# time for a new DCC setup



## veejo (Apr 16, 2009)

Time to upgrade my DCC set up. Currently have an NCE power cab, and a digitrax Zephyr. The zephy is good as my son can operate it (2/12 years), I like the NCE becasue of the display and it's hand held. I don't have sound yet, so far the number of functions hasn't been an issue.
This will be a major upgrade as I'II be moving from a throttle/command station all in one to probably a separate throttle separate command station set up.

So far the Digitrax super chief 8 amp unit looks like the go. It's cheap, seems to do alot, widely available. But I beleive that DT 400 is supposed to lack in the number of functions it supports (or is it the command station) to enable me to make the most out of sound. Do I really need all 28 functions. I pressume sound and motor are usually on the same address, even if different decoders are used, just different CV's so you don't need to change addresses to if you want to alter speed and blow the whistle ?

Also upgradeablity, it would be a bonus to be able to upgrade the software without send the unit back to the manufacturer, or local distributor (could be an issue for units bought from the USA to Australia).

Budget, the super cheif without power supply at $340 plus shipping seems a bargain. 

As I own NCE and Digitrax already, I'm very brand open to brands.


----------



## George Schreyer (Jan 16, 2009)

I use the Digitrax Chief and a PB110 booster and I am quite happy with the system. 

The current Digitrax Chief does not support functions beyond F12, but few sound systems make use of anything past F12 anyway. This may change. 

The 8 amp Chief booster is not in the same league as the 10 amp NCE booster. I have both. I use only the NCE PB110 booster to drive the outside track. It holds up well at 10 amps, trips at 20. The Chief's waveform starts to degrade pretty badly above 5 amps and it trips a slightly more than 8. There is an upside to both however. I use the Chief's internal booster to run an HO layout. 

With the NCE, you can run the whole layout on one booster and not have to mess with power districts. However, the layout has to be REALLY heavily wired so that a track short will actually trip the booster. If the parasitic resistance is higher than 1 ohm out and back, the thing won't trip at all and the sustained short circuit current can be very high until you get there to clear the short. In the meantime, you might get smoke. 

The Chief's lower current limit is a liability when you are trying to drive 3 heavy trains at once, it'll tend to trip. But the layout can be divided into districts, each from from it's own booster (at additional expense). As long as all the trains don't migrate into a single district, the boosters will share the load and you'll be much safer in the event of a short. 

Alternately, you can use a single large booster, such as the PB110, and several circuit breaker modules (about $35 each) in different districts to protect that district and get pretty much the same result as using 2 DCS200's, one as a master and one as a booster but at somewhat lower cost. 

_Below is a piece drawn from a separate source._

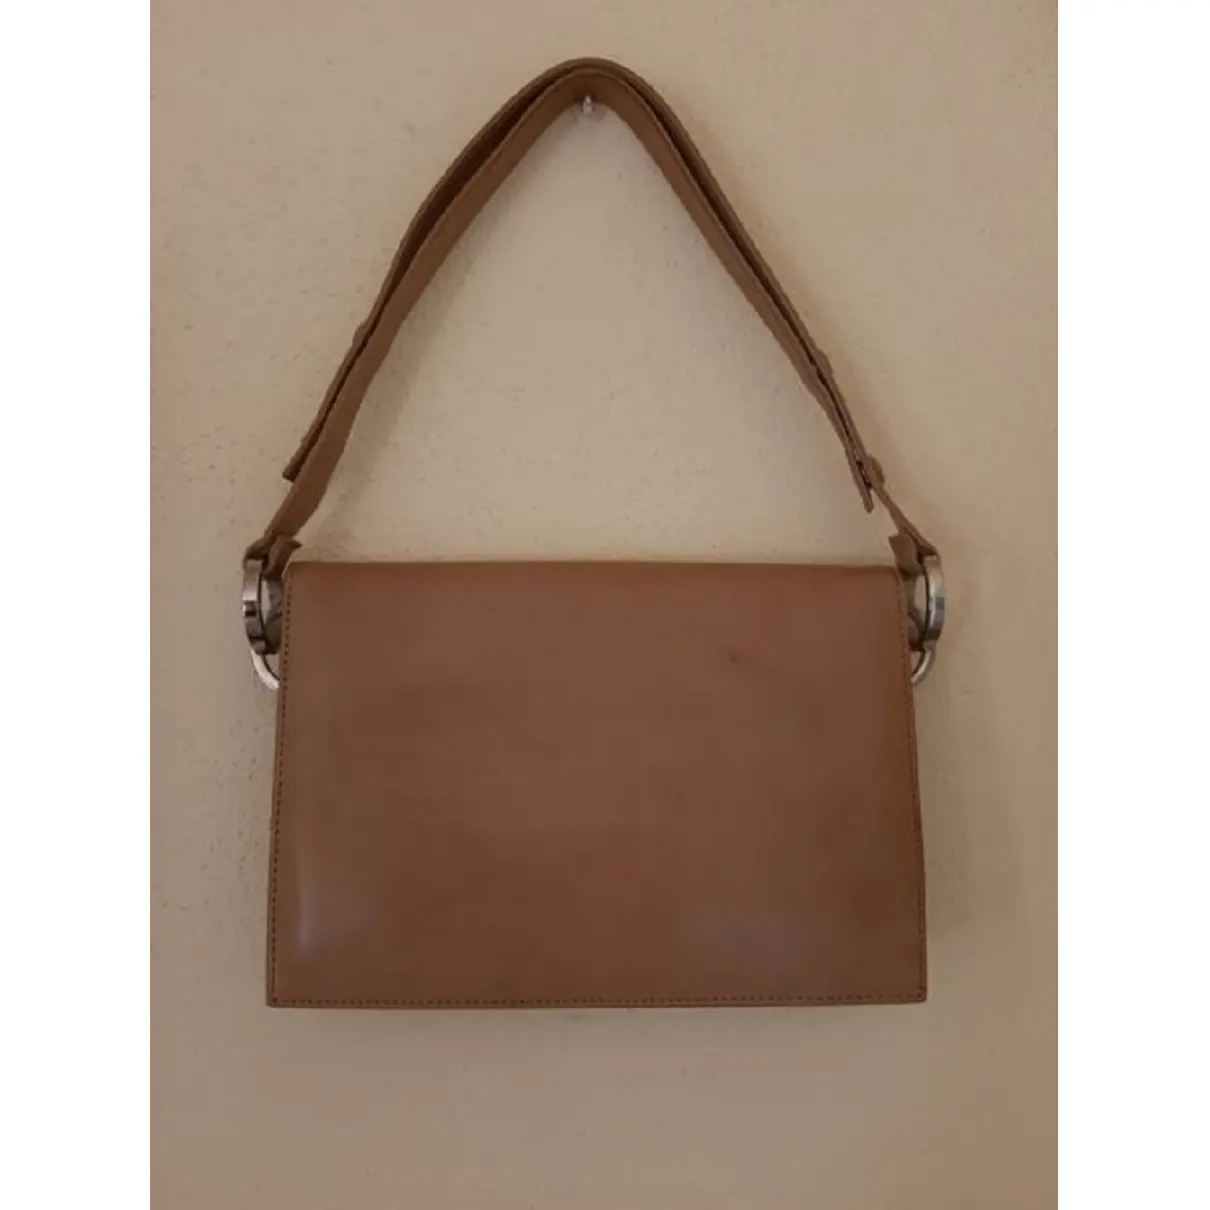 Buy Valentino Garavani Leather handbag online - Vintage

For outdoors, I would strongly suggest that you look at the radio throttles in either system. This adds about $150 to the entry cost of a Chief and somewhat more to the entry cost of NCE. The NCE system is a two way radio link though. The current Digitrax system is one way, you have to plug in somewhere to select or deselect a loco. There is a two way Digitrax radio system coming out "real soon now" but probably at higher cost. The system will be upgradable, it will take a new trackside radio unit and and upgrade to the DT400. The new radio system may or may not be usuable internationally. I think that the current Digitrax and NCE radio systems are not approved for use outside the US and Canada. 

I have set up the addresses of the sound and motor decoders (when separate) both ways. Some to the same address, some to different addresses and then consist them. I have also set up the decoders to the same 4 digit address but different 2 digit addresses so that I can change CV29 and cause their addressing system to change so that I can program them separately in OPS mode and then rejoin them to the same address for running. 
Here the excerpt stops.